_EXERCISE PROMPT:_ Although the entries contain pictures, only their text goes into the copy, set down exactly.

[Data records]
╔══
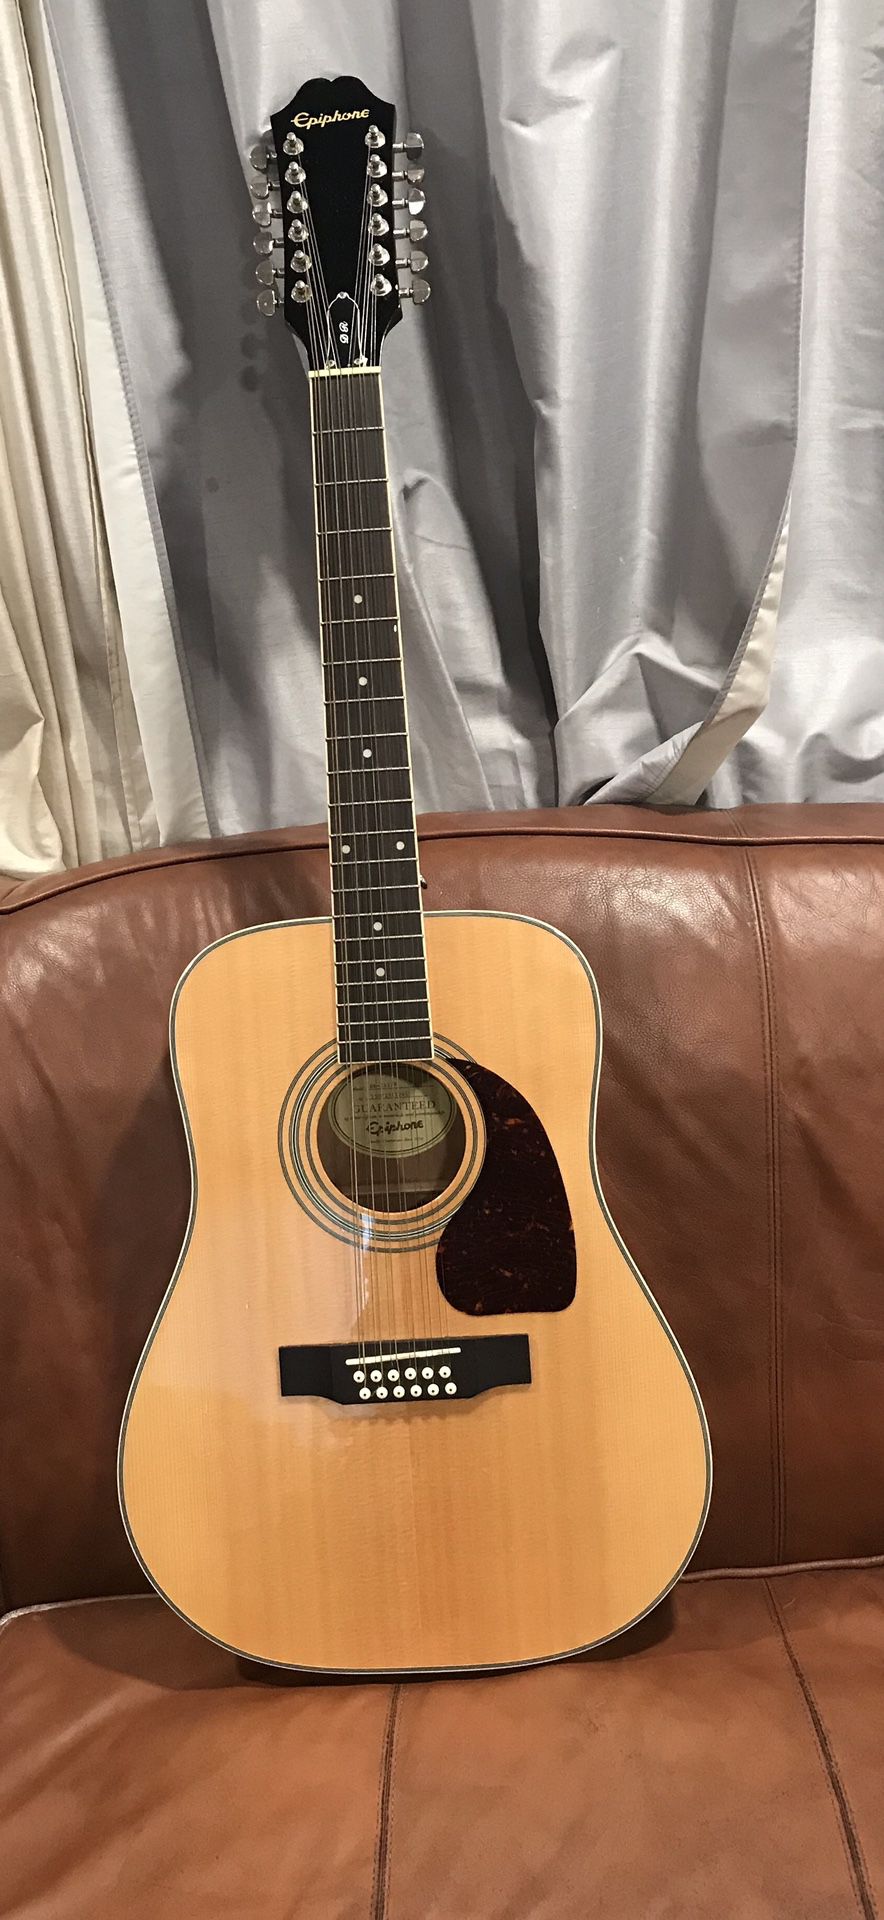 12 String Acoustic Guitar $120.00
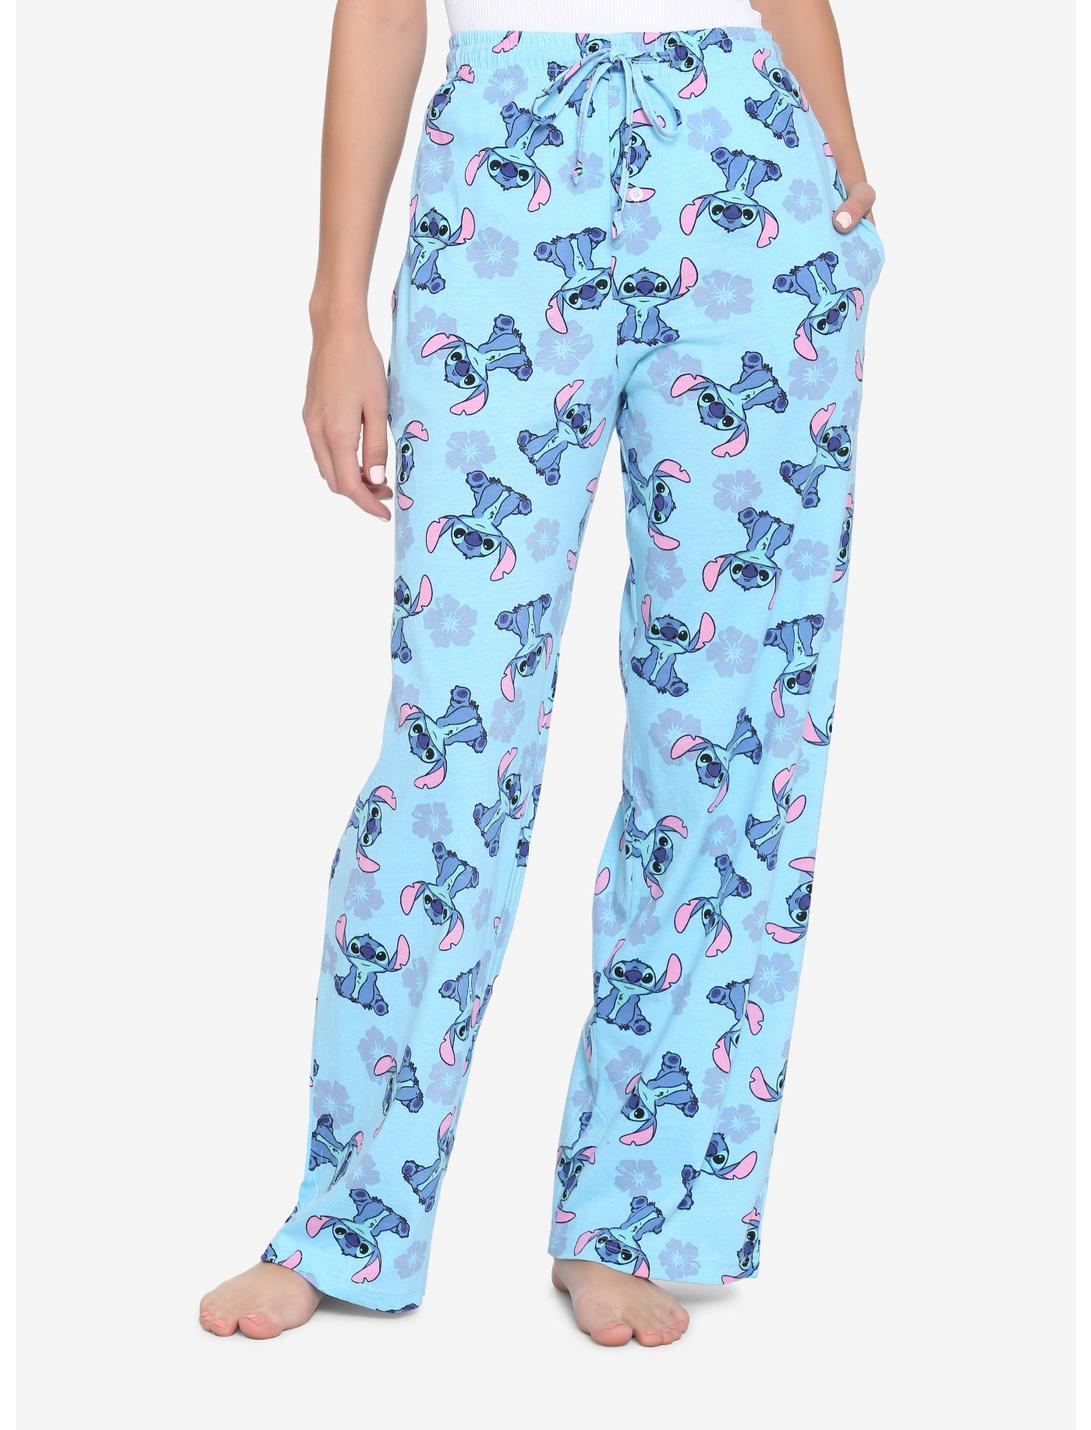 Disney Stitch Lounge Pants for Women Multi 
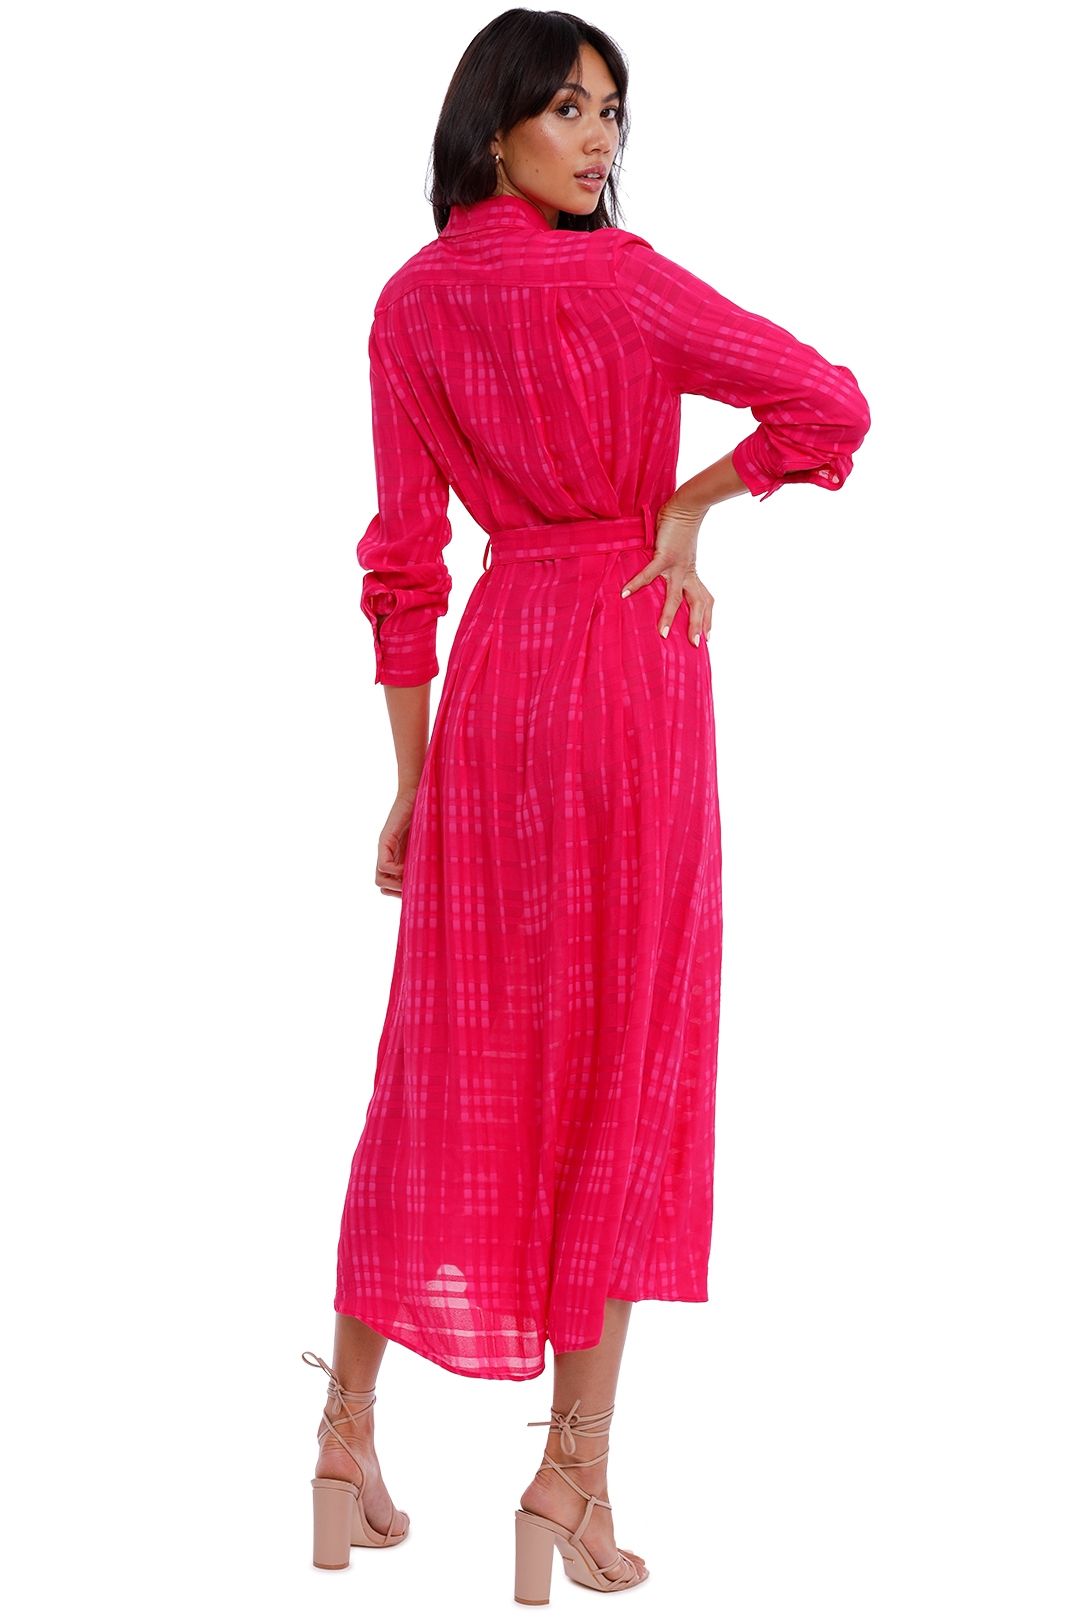 Kate Sylvester Stella Shirt Dress in Pink Check
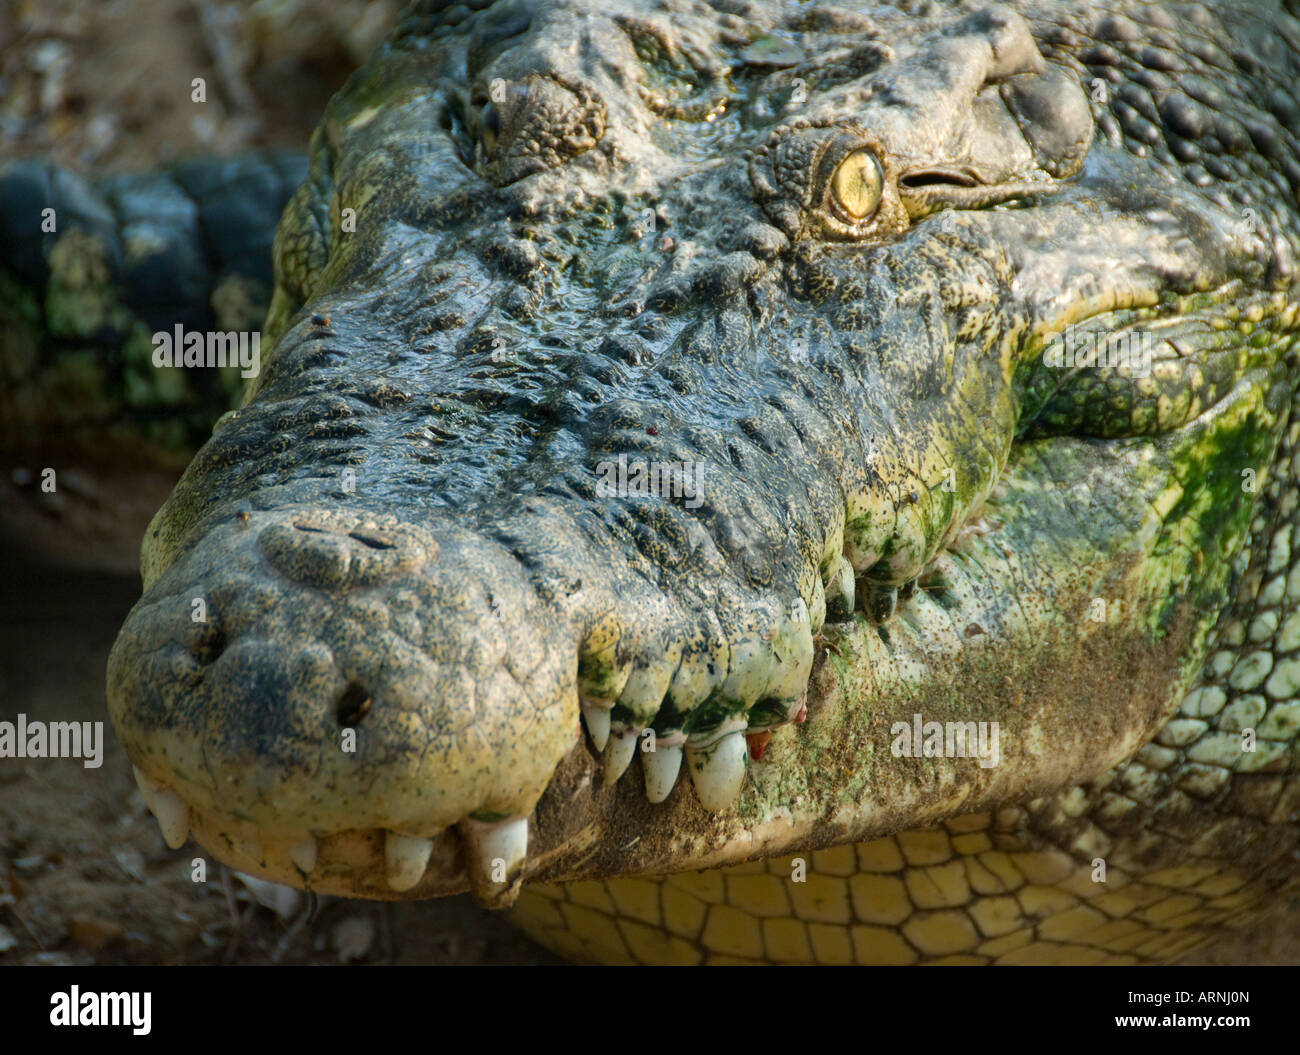 A saltwater Crocodile at the Crocodile Bank in Tamil Nadu India Stock Photo
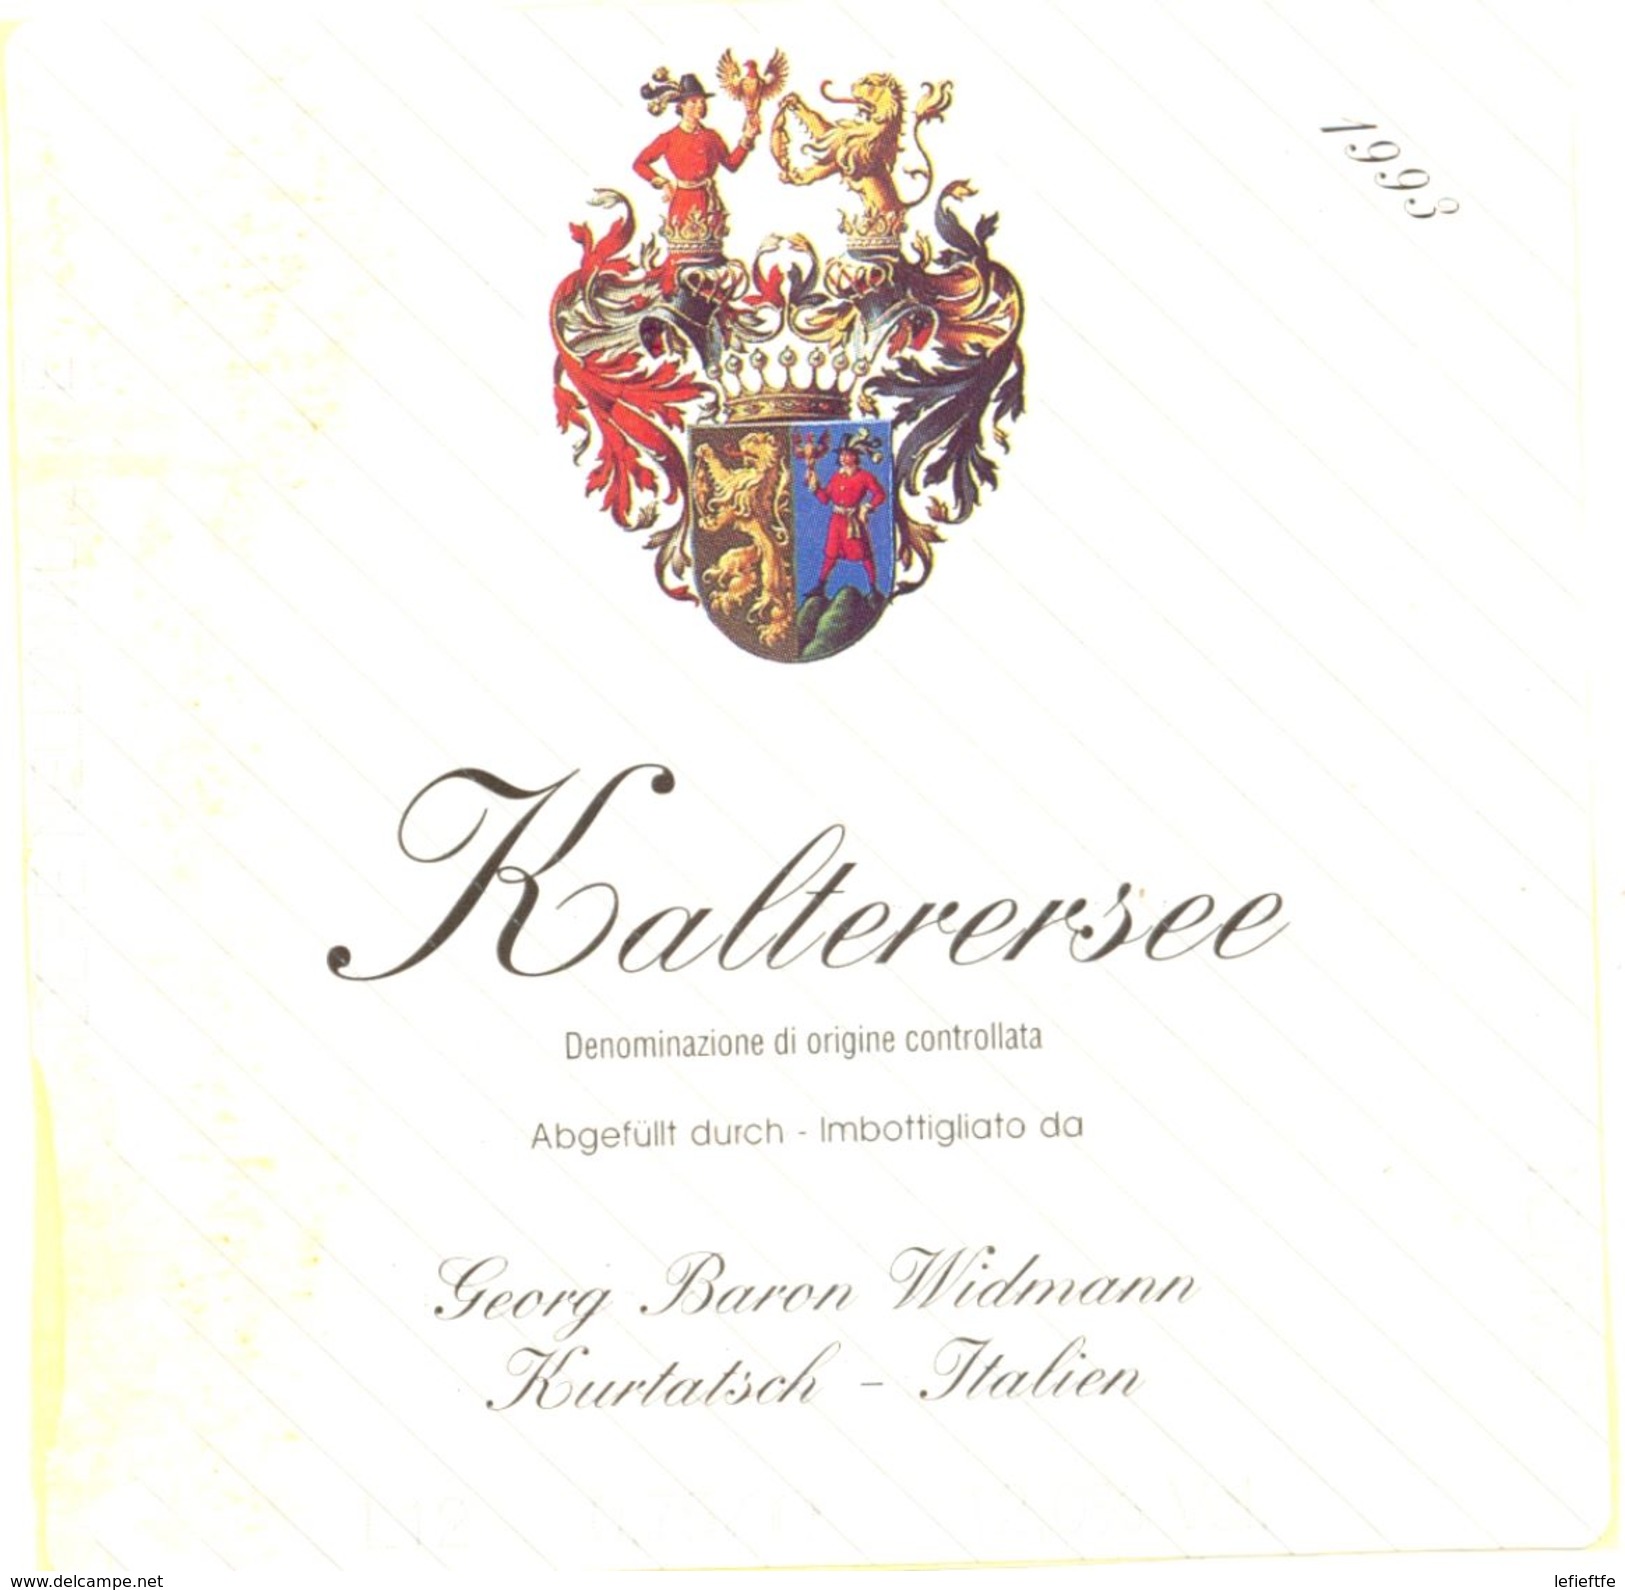 1423 - Italie - 1993 - Kalterersee - Georg Baron Widmann - Kurtatsch - Red Wines
╚══
_WRITTEN RESPONSE:_
 12 String Acoustic Guitar $120.00
 Disney Stitch Lounge Pants for Women Multi 
 Kate Sylvester Stella Shirt Dress in Pink Check
 A saltwater Crocodile at the Crocodile Bank in Tamil Nadu India Stock Photo
 1423 - Italie - 1993 - Kalterersee - Georg Baron Widmann - Kurtatsch - Red Wines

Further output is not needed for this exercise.